A day after two of his closest associates faced legal reckoning, the embattled president asserted on a Fox News morning program, “If I ever got impeached, I think the market would crash," and, “I think everybody would be very poor.”

In reality, investment pros say, Americans shouldn’t worry about the health of their 401(k)s.

“What he’s saying is nonsense in the context of how investment professionals look at this,” Doug Boneparth, president of Bone Fide Wealth, told NBC News. “Markets aren’t sentimental.”

There are a couple of historical precedents: Watergate, and the impeachment of Bill Clinton by the House of Representatives in 1998. Of the two, the market suffered a greater hit when Richard Nixon resigned in the face of impeachment, with the S&P 500 losing nearly half of its value between the beginning of 1973 and the third quarter of 1974 (Nixon resigned on August 9 of that year).

But economists say it’s all but assured that a Trump impeachment wouldn’t trigger a slide of that magnitude: Watergate unfolded as the American economy was facing an oil crisis, rampant “stagflation,” and a recession — a near-complete opposite of today’s economic picture.

Although he was ultimately acquitted by the Senate, Bill Clinton’s House impeachment provides a closer example; the late-90s economy was booming, and the market proved much more resilient to D.C.’s drama.

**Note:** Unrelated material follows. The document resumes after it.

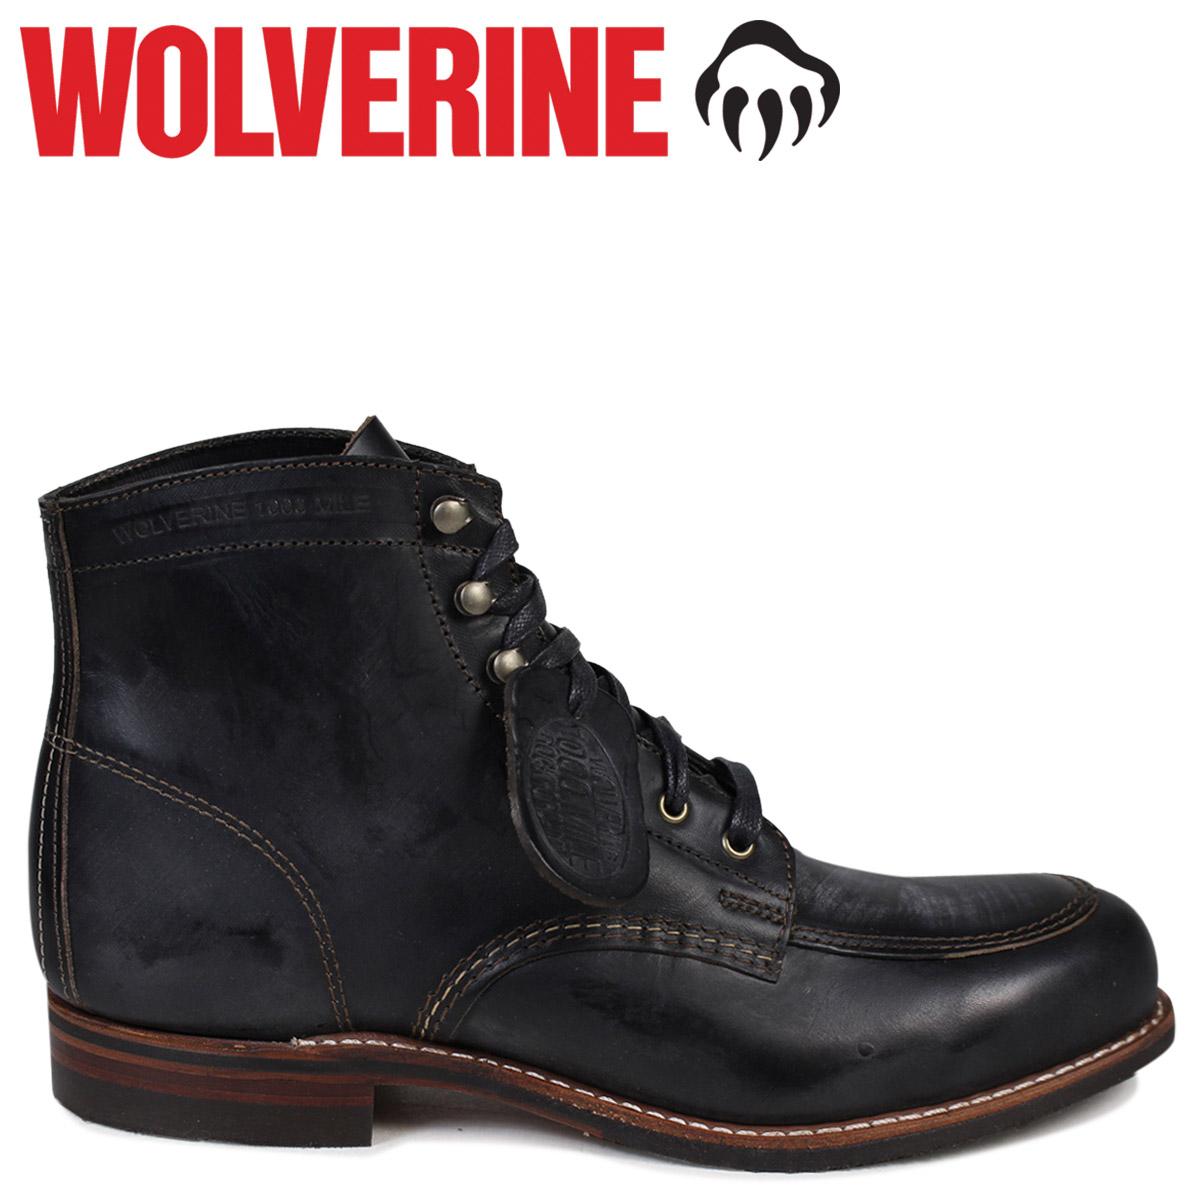 WOLVERINE 1000マイル ブーツ ウルヴァリン 1000MILE ワークブーツ COURTLAND BOOT Dワイズ W00279 ブラック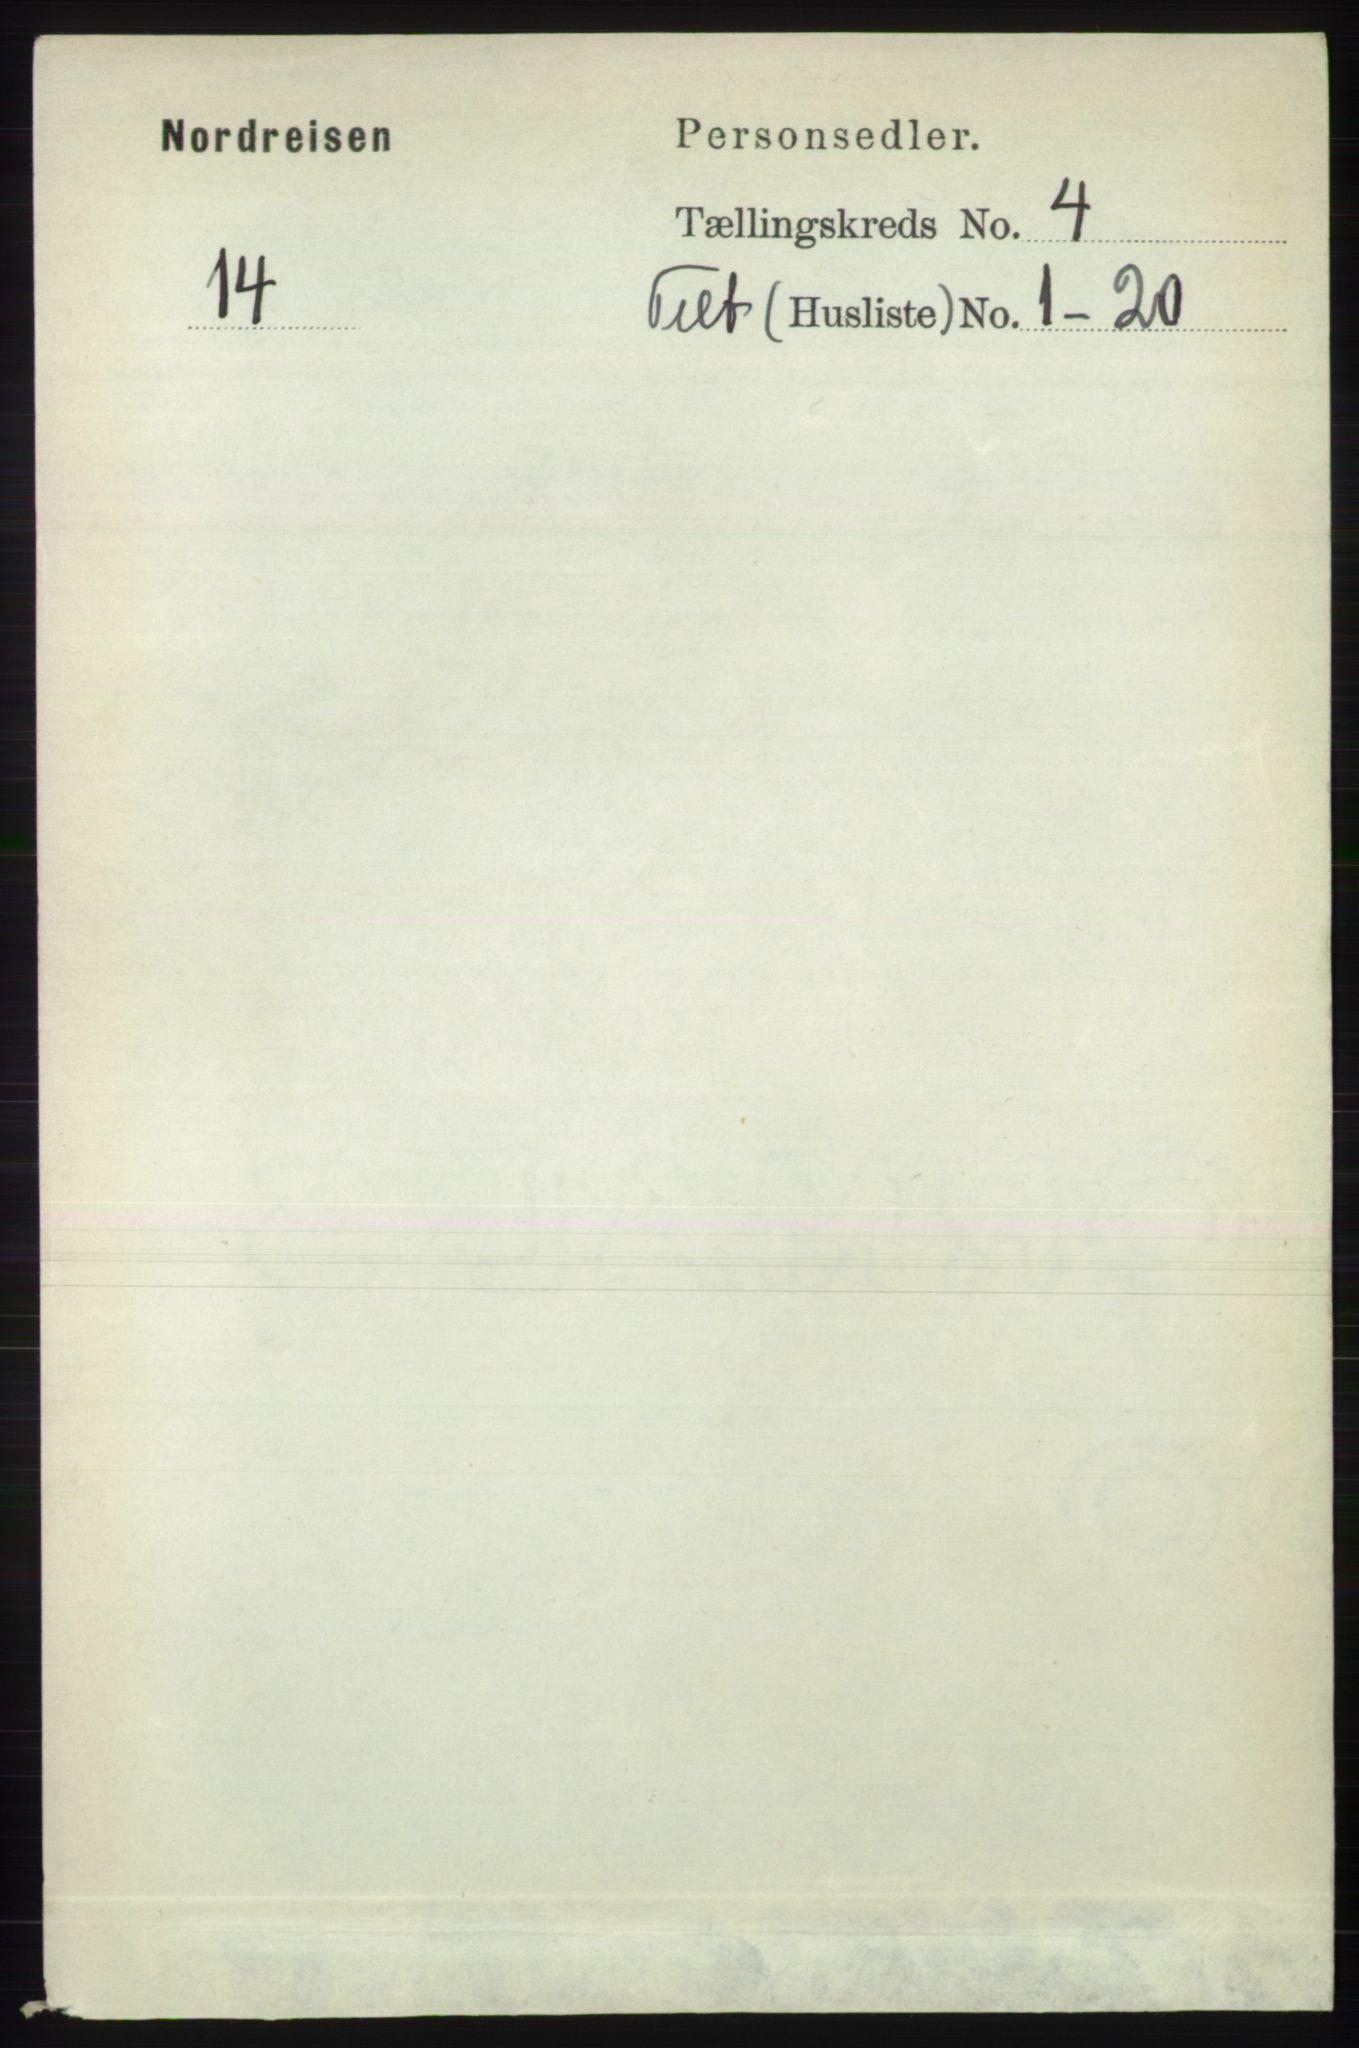 RA, Folketelling 1891 for 1942 Nordreisa herred, 1891, s. 1530

While the S&P 500 dropped close to 20 percent in advance of prosecutor Kenneth Starr’s report, it regained all of that ground and then some by the time Clinton was ultimately cleared by the Senate in early 1999.

“This time around, while the current crisis may trigger a modest decline, we do not think it will lead to recession and therefore will not result in a new bear market,” said Sam Stovall, chief investment strategist for CFRA.

The riskiest scenario would be if retail investors panicked. “For the most part, it would be a short-term response based on fear and uncertainty,” said Robert Schmansky, president of Clear Financial Advisors. “It can become a self-fulfilling prophecy if everyone’s running of the door at once.”

Schmansky said a Trump impeachment could send the market down in the near term by anywhere between 10 and 30 percent, but he added that since even professionals have a mixed record of success when it comes to timing the market, ordinary investors shouldn’t bet their retirement savings on emotions or gut feelings.

“Crashes are temporary, and so the best plan isn't to follow the herd as they flee,” he said. Instead of fearing the potential of a correction, Schmansky suggested reframing it as the potential to better position your retirement savings for the next cyclical upswing. “Being a long-term investor, these have often been great opportunities to get into the market,” he said.

Ultimately, some think impeachment could be a boon for the market after the dust settles. A frequent theme of economists’ observations since Trump’s election has been the market volatility stoked by trade tensions and diplomatic disputes, even as hallmarks of the GOP’s agenda — lower taxes and less regulation — have fueled a run-up in equities.

“If he were to be removed from office, there’s no reason to believe that [Vice President Mike] Pence would change any of those policies,” Joseph Heider, president of Cirrus Wealth Management, told NBC News. “I think there’s a very strong argument that could be made that the markets would be more stable under Pence than they would be under Trump,” he said.

“If the economy as a whole remains strong, if earnings remain strong, if companies continue to make money — which they are — it further plays into the fact that the market doesn’t care about the sentiment of the president being impeached,” Boneparth said.